BEGIN Data

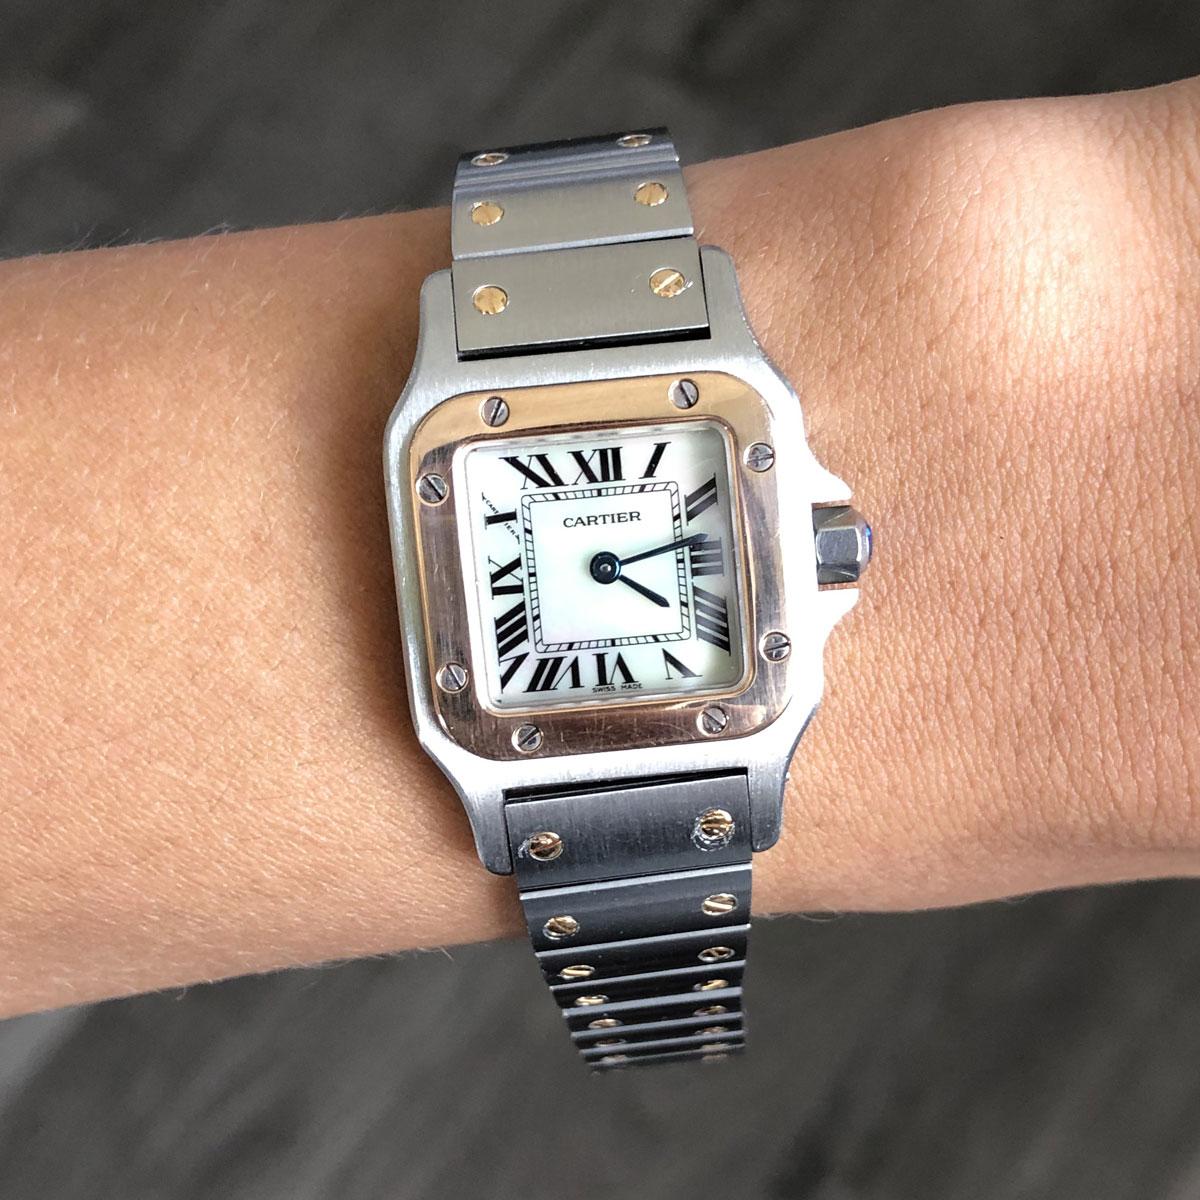 Brand: Cartier
MPN: 1567
Model: Santos Galbee
Case Material: 18k rose gold and Stainless steel
Case Diameter: 24mm
Crystal: Sapphire crystal
Bezel: Smooth yellow bezel with stainless steel
Dial: White Mother of Pearl dial with roman numerals and
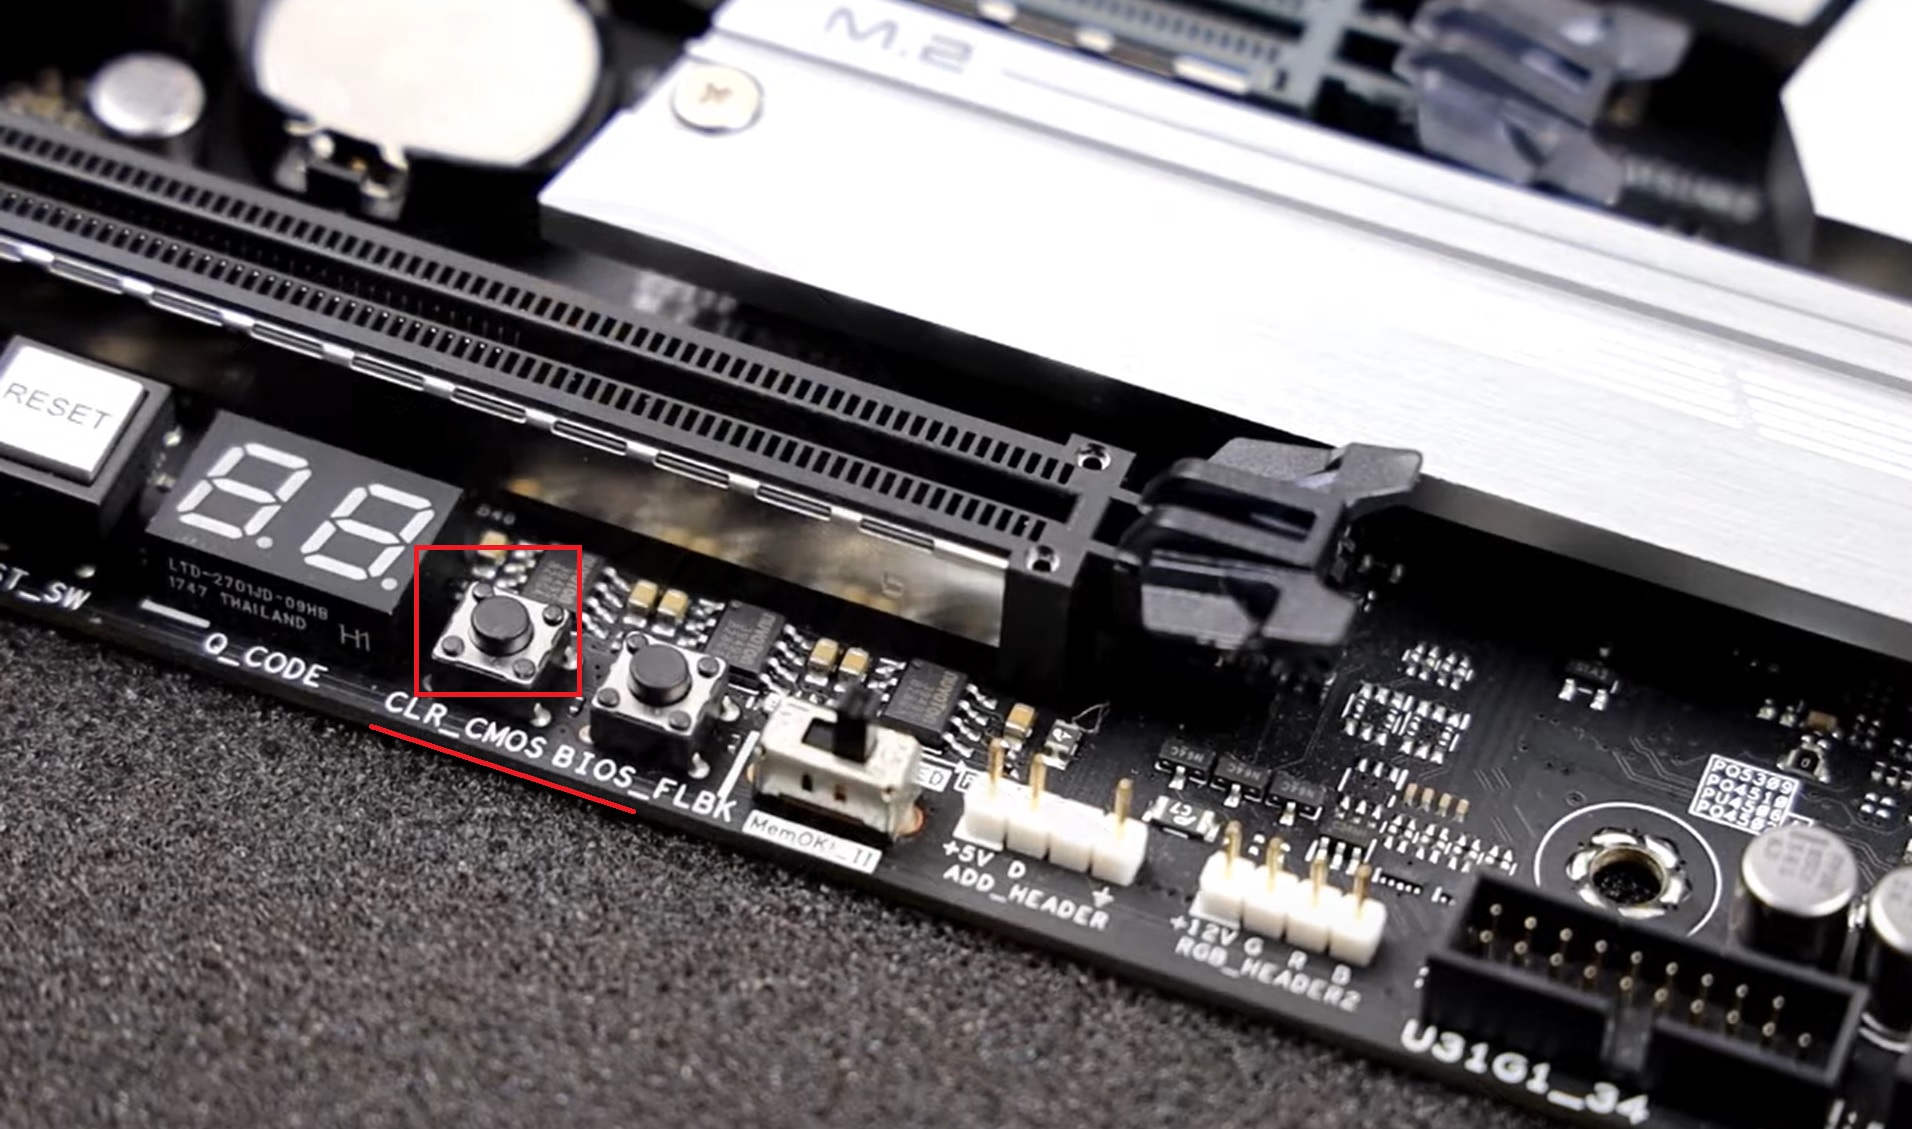 clear cmos button on asus motherboard

END Data

▸ Description of the task:
Repeat the lines exactly, starting with the line that contains "Case Diameter: 24mm" and ending with the last line of the entries. Keep both of those lines but no pictures.

▸ Output for this task:
Case Diameter: 24mm
Crystal: Sapphire crystal
Bezel: Smooth yellow bezel with stainless steel
Dial: White Mother of Pearl dial with roman numerals and
 clear cmos button on asus motherboard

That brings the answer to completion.